Let’s use R and the {mosaic} package to look at the probability mass functions for different values of $\lambda$:

l <- 3.5
p1 <-
  plotDist(
    "pois",
    lambda = l,
    main = paste0("Poisson Distribution\nwith lambda=", l),
    xlab = "x",
    ylab = "Pr(X=x)"
  )
l <- 10
p2 <-
  plotDist(
    "pois",
    lambda = l,
    main = paste0("Poisson Distribution\nwith lambda=", l),
    xlab = "x",
    ylab = "Pr(X=x)"
  )
l <- 20
p3 <-
  plotDist(
    "pois",
    lambda = l,
    main = paste0("Poisson Distribution\nwith lambda=", l),
    xlab = "x",
    ylab = "Pr(X=x)"
  )
plot_grid(p1, p2, p3, nrow = 1)

As we did for other distributions, we can also use the built in p function for the Poisson distribution, ppois(), to return the value of the cumulative distribution function, i.e., the probability of observing up to and including a specific number of events in the given interval.

l <- 3.5
p1 <-
  plotDist(
    "pois",
    lambda = l,
    kind = "cdf",
    main = paste0("Cumulative Probability\nwith lambda=", l),
    xlab = "x",
    ylab = "Pr(X≤x)",
    type = "l"
  )
l <- 10
p2 <-
  plotDist(
    "pois",
    lambda = l,
    kind = "cdf",
    main = paste0("Cumulative Probability\nwith lambda=", l),
    xlab = "x",
    ylab = "Pr(X≤x)",
    type = "l"
  )
l <- 20
p3 <-
  plotDist(
    "pois",
    lambda = l,
    kind = "cdf",
    main = paste0("Cumulative Probability\nwith lambda=", l),
    xlab = "x",
    ylab = "Pr(X≤x)",
    type = "l"
  )
plot_grid(p1, p2, p3, nrow = 1)

Probability Density Functions

The Uniform Distribution

The Uniform Distribution is the simplest probability density function describing a continuous random variable. The probability is uniform and does not fluctuate across the range of $x$ values in a given interval.

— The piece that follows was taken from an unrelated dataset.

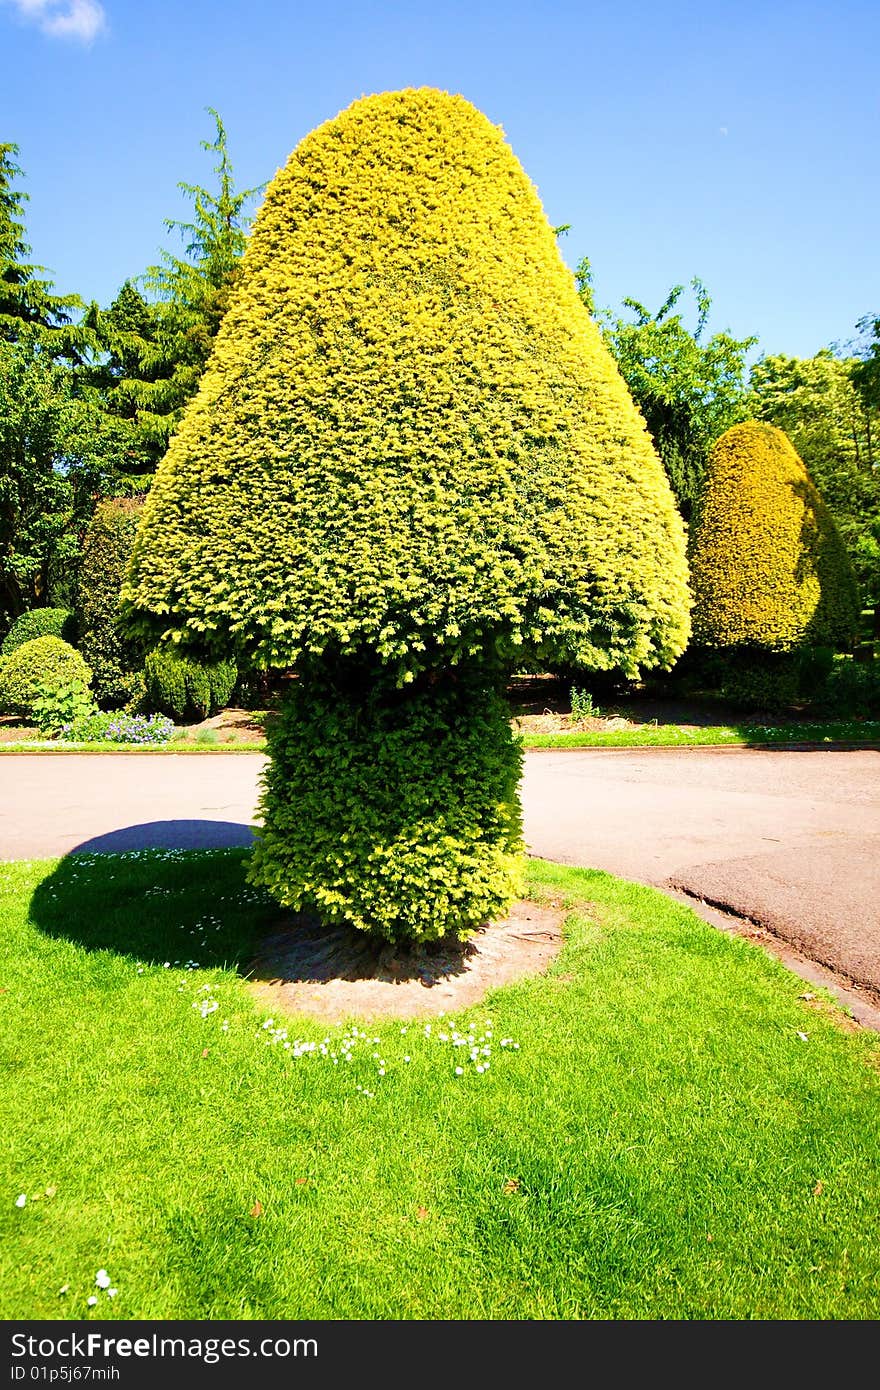 The photograph shows a conifer cut into a mushroom shape. Taken in Queens Park, Longton, England. The photograph shows a conifer cut into a mushroom shape. Taken in Queens Park, Longton, England.

The probability density function for the Uniform Distribution is:

\[f(x)=\frac{1}{b-a}\]

where $a \leq x \leq b$ and the function is 0 for $x < a$ and $x > b$

What would you predict the expectation (mean) should be for a uniform distribution? Not surprisingly, for this distribution:

\[\mu_x = \frac{a+b}{2}\]

and

\[\sigma_x^2 = \frac{(b-a)^2}{12}\]

Let’s plot a uniform distribution across a given range, from $a$ = 4 to $b$ = 8…

a <- 4
b <- 8
x <- seq(from = a - 1, to = b + 1, by = 0.01)
fx <- dunif(x, min = a, max = b) # dunif() evaluates the density at each x
plot(
  x,
  fx,
  ylim = c(0, max(fx) + 0.1),
  type = "l",
  xlab = "x",
  ylab = "f(x)",
  main = "Probability Density Function"
)

Note that for the uniform distribution, the cumulative density function increases linearly over the given interval.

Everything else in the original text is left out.